Even hydroelectric power has resulted in far more deaths than nuclear (more than, and possibly much more than, 27,000) through dam collapses and flooding. I am not sure what Laker and Zubrowski mean by responding aggressively to the Tories’ claim that they are reducing carbon emissions by expanding nuclear. We should certainly criticise their refusal to properly fund nuclear power (as with the Blair government), instead relying on sweetheart deals with French and Chinese state companies which look like going wrong anyway. There are several alternative approaches to nuclear power that socialists should support, not least thorium-powered reactors which can’t melt down but which can reduce radioactive waste.
Of course, we can and must support all forms of alternative energy that do not have unacceptable consequences. Incidentally, I can find no support for the assertion that Morocco’s solar power plants will supply all its energy needs by 2020. Current plans seem to suggest that only 1/7th would come from these.
Les Hearn, North London
No proof of the bias
Besides the exaggerations about nuclear power’s relative risks, on which I concur with Les Hearn, Neil Laker’s and Mike Zubrowski’s letter (Solidarity 431) relies on three unsubstantiated claims.
One, that the government (or capitalists generally?) have a “bias in favour of new nuclear”. But capitalist governments almost all across the world developed little new nuclear power for decades after oil and gas prices moderated in the 1980s, and are only tentatively restarting. They hesitate to make the big, long-term, planned investments which nuclear requires.
Two, that nuclear-power development cuts across renewables.
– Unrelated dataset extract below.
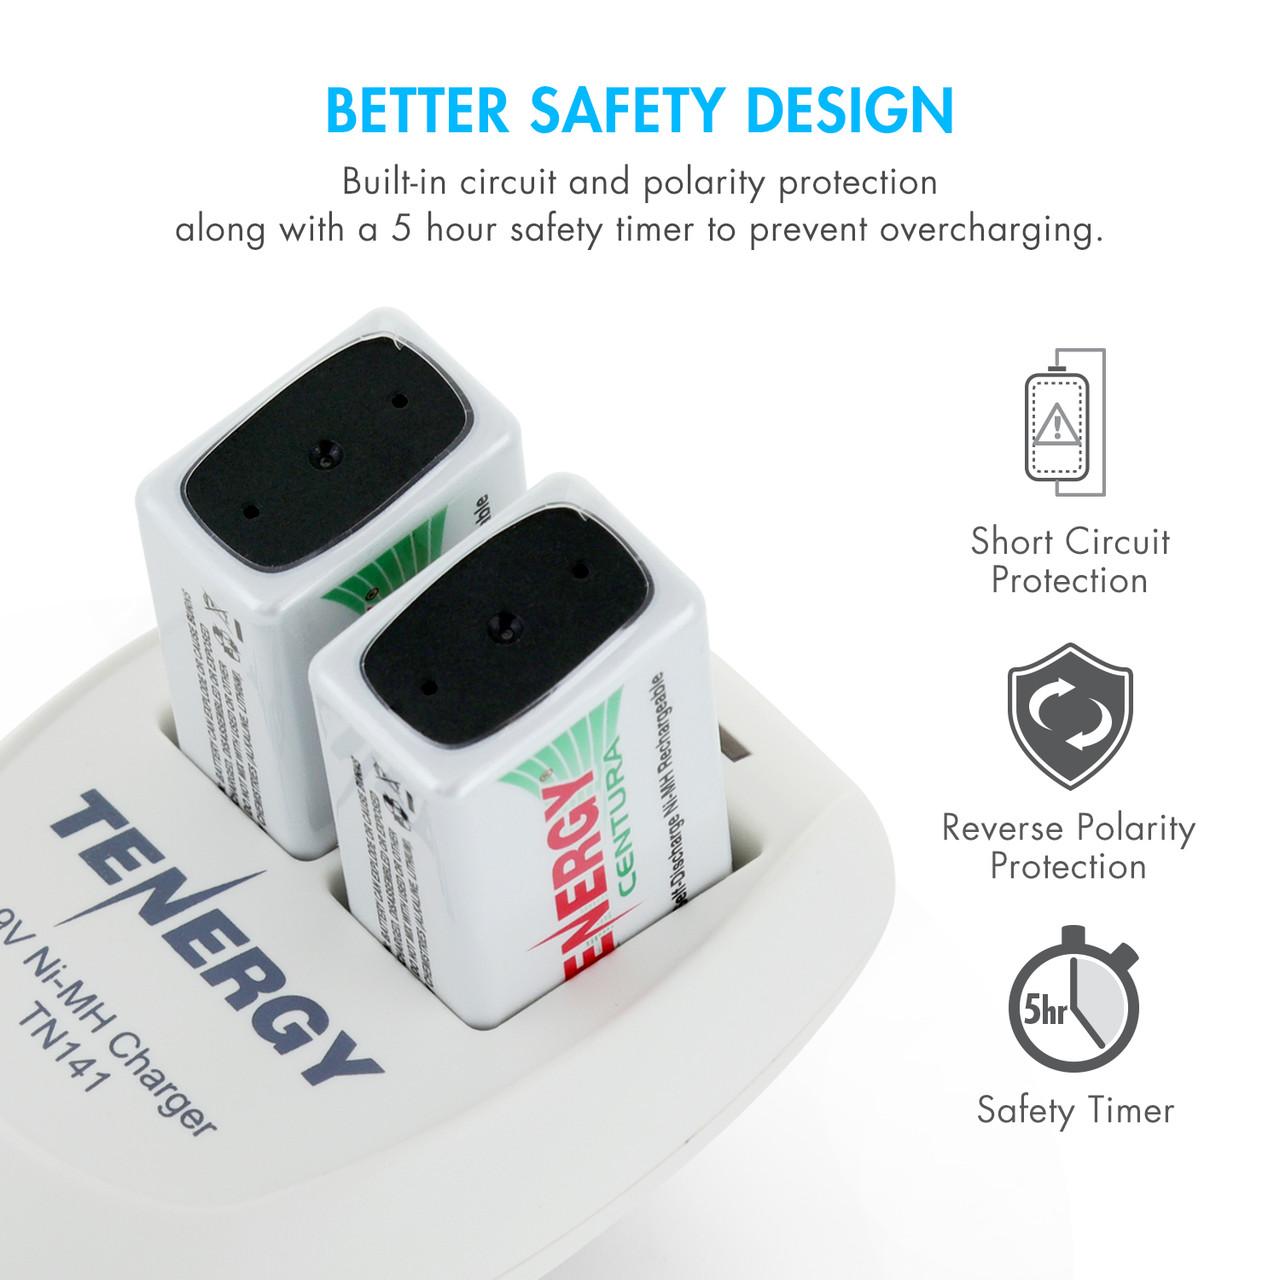 Combo: Tenergy TN141 2-bay 9V Charger + 4pcs Premium 9V 250mAh NiMH Rechargeable Batteries

Germany is the counter-example: its programme of phasing out nuclear power by 2022 has, despite more official support for renewables there than here, led to more use of coal.
Three, that biomass is a sufficient and superior “baseload” alternative. I do not presume to prescribe nuclear expansion; only to favour continued production of electricity, including “baseload” provision, and to see no socialist reason to exclude nuclear from the mix.